If I can use him to say something more generally, there's something truly wonderful about the English tradition in astronomy and physics that we in America could learn a lot from. There's no country in the world that has had such a collection of inspired originators of cosmological and astronomical ideas. In this century there has been Arthur Eddington, Fred Hoyle, Dennis Sciama, Roger Penrose, Stephen Hawking, and Martin Rees himself, and there are others not as well known. There's a way in which these people have been educated to work with the highest standards of rigor and honesty, and then allowed to develop their ideas in an atmosphere much freer and more tolerant of individuality, and even eccentricity, than the American scene. The American scene is larger, and in terms of money we're better supported, but there's something unhealthy about the way in which we're so often worrying about how the National Science Foundation and the community will respond to our grant proposals. Perhaps I'm naive, but I have the impression that the British seem, at least up until now, to have avoided this overbureaucratization of science.
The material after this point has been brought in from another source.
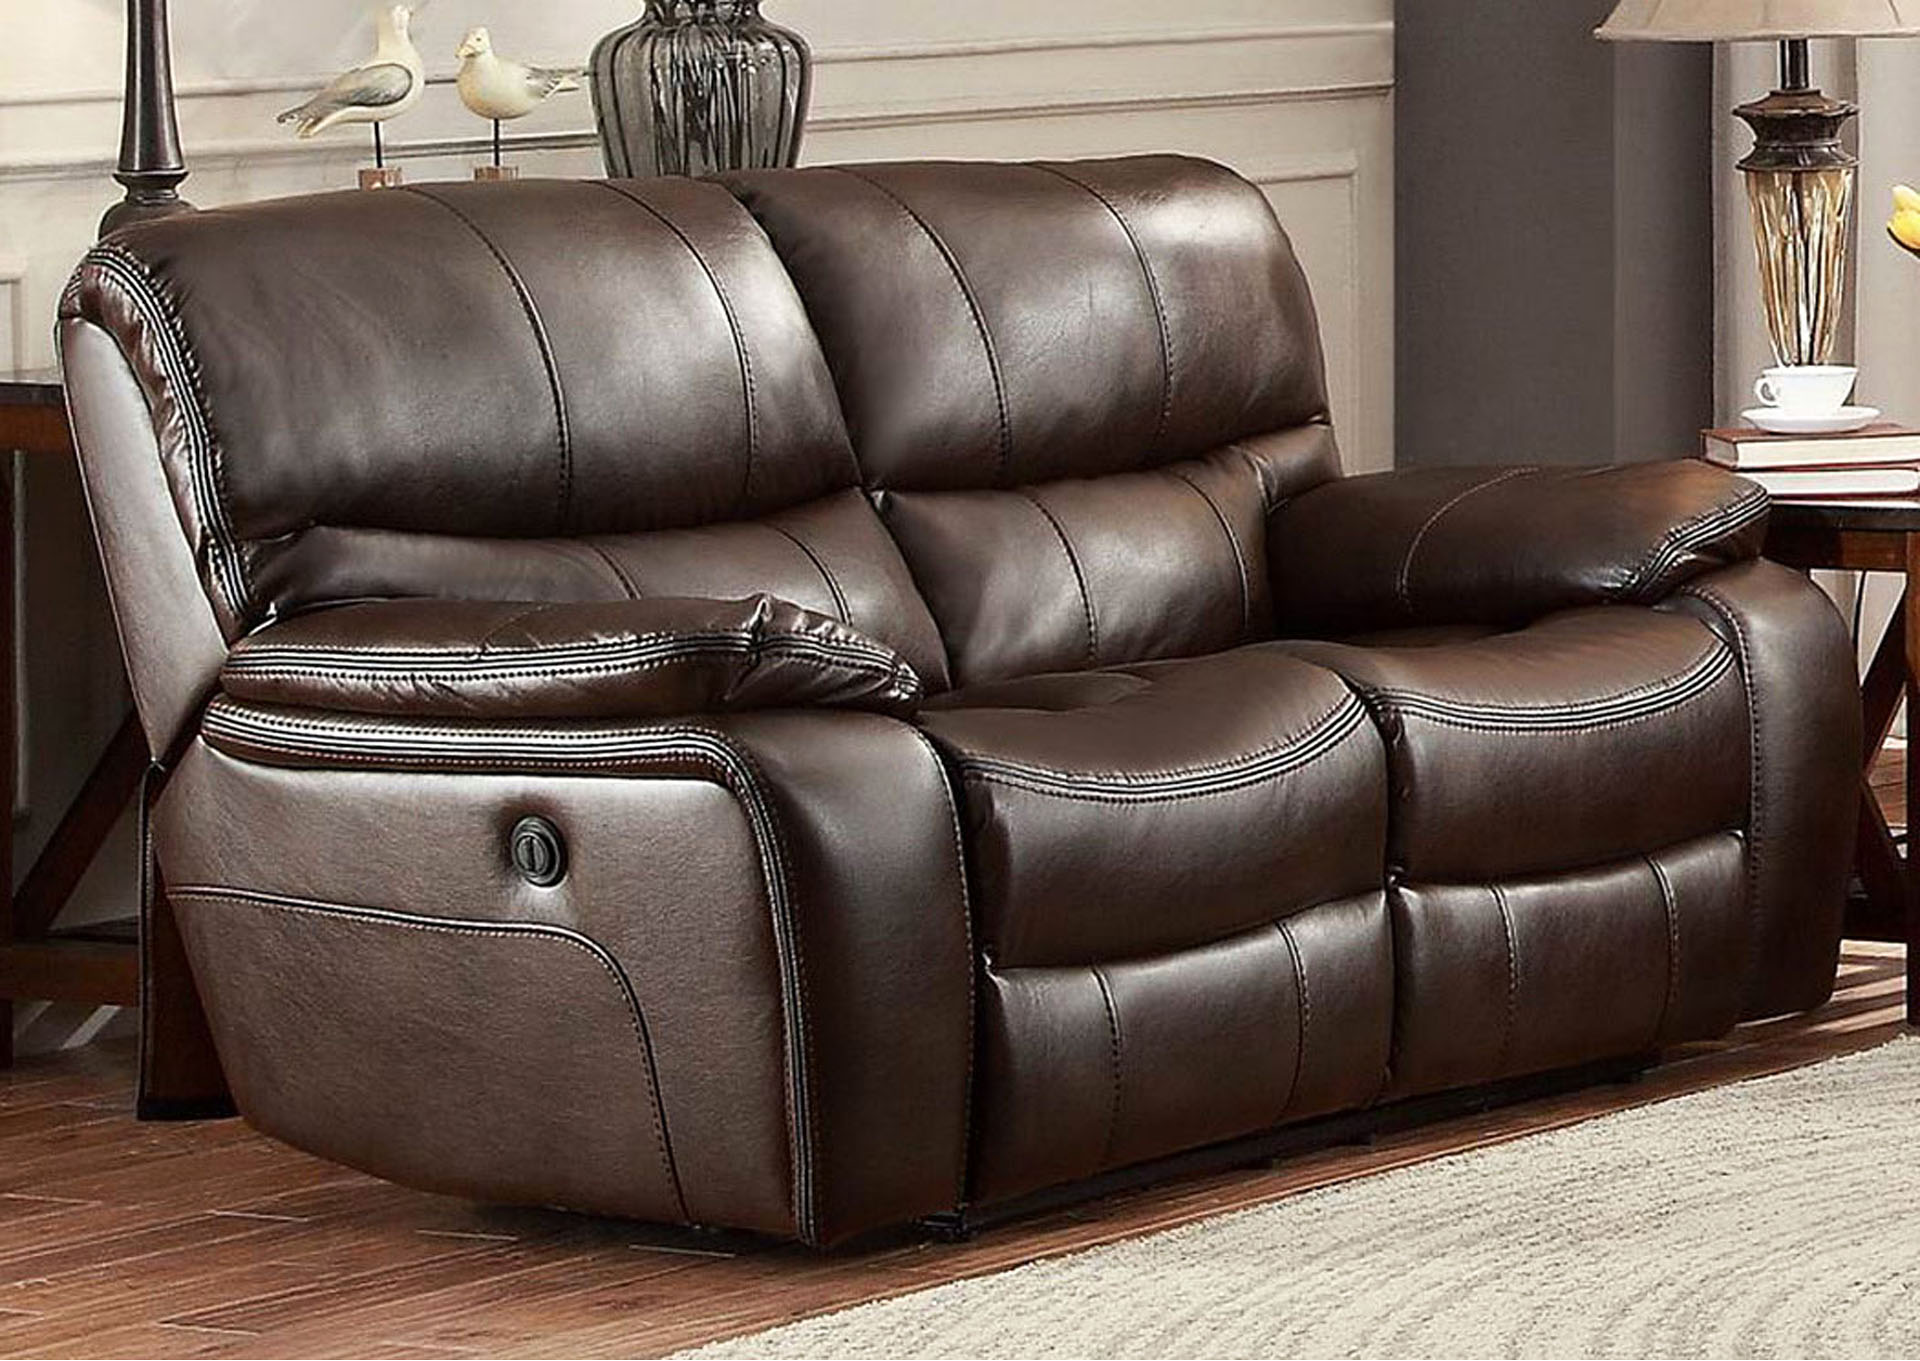 Kids Brown Leather Chair - ohmyworddd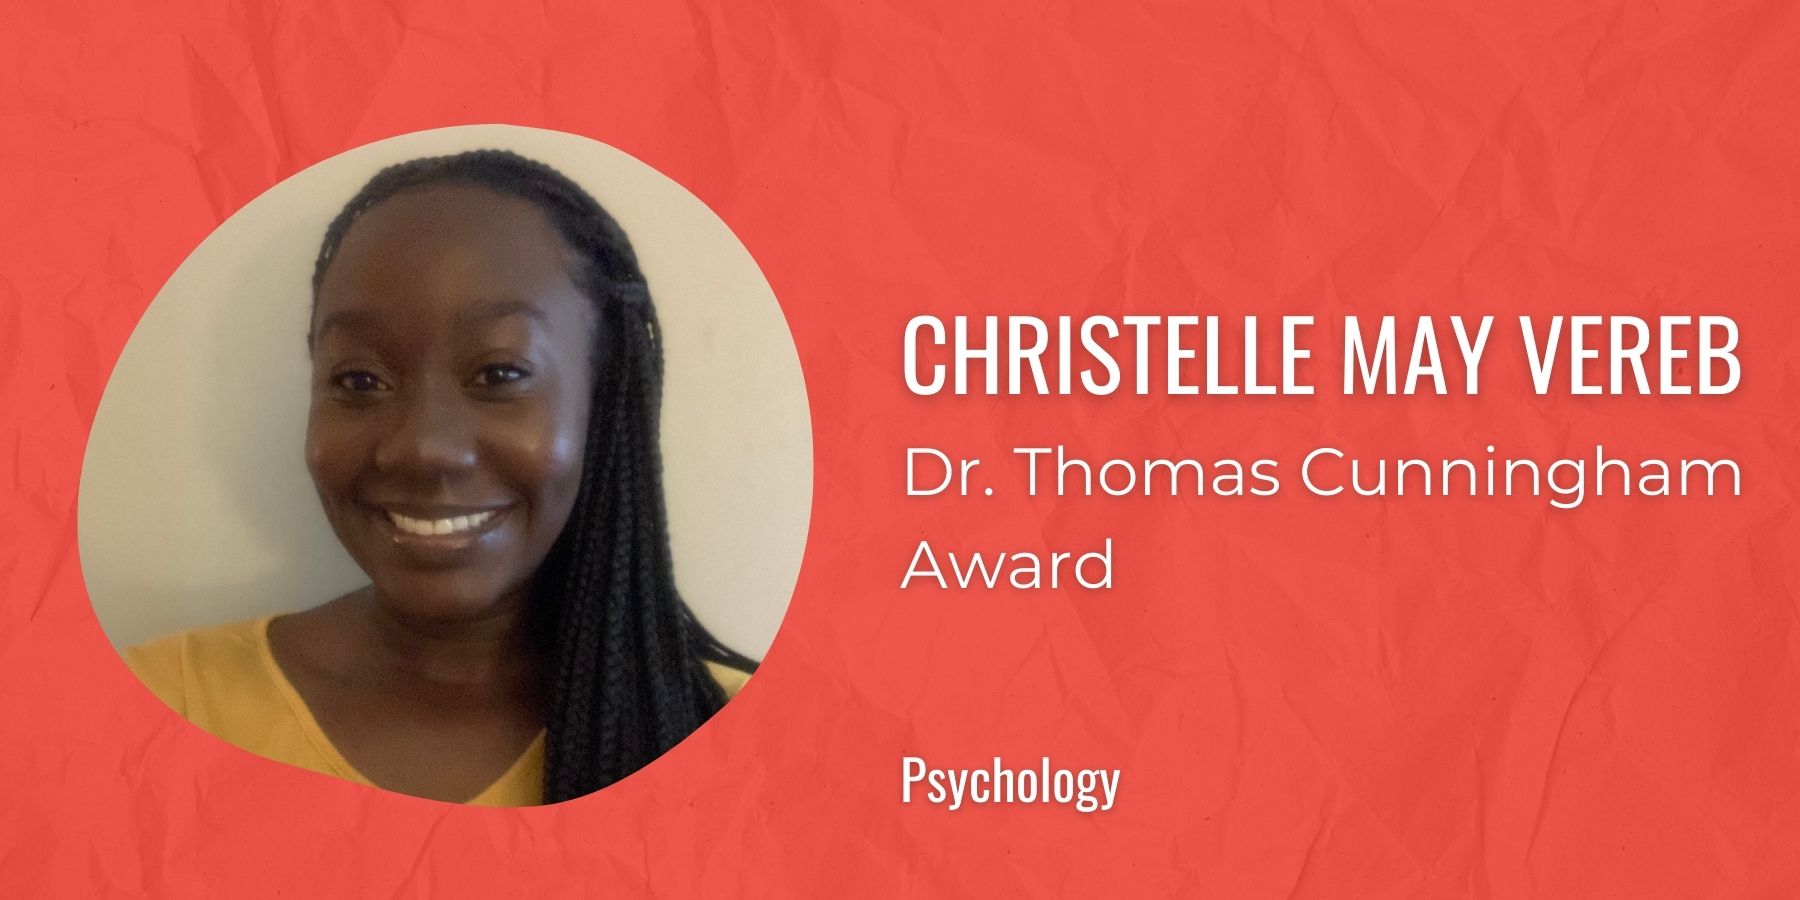 Image of Christelle May Vereb with text: Dr. Thomas Cunningham award, Psychology

It's also only England that could have produced scientists like Jim Lovelock or the physicist and philosopher Julian Barbour, who stay at home, unconnected to any university, but do original and important work that wins the respect of their less courageous colleagues in the universities. Perhaps the point is that the English have never forgotten that in the end the advances of science are made by creative personalities, so that the best way to advance science is to give people the best possible education intellectually and morally — I say "morally" because I think science works because scientists practice an ethics of honesty and tolerance — and then give as much freedom as possible to those who show themselves to be creative. This is something I think we need to think about more in the United States.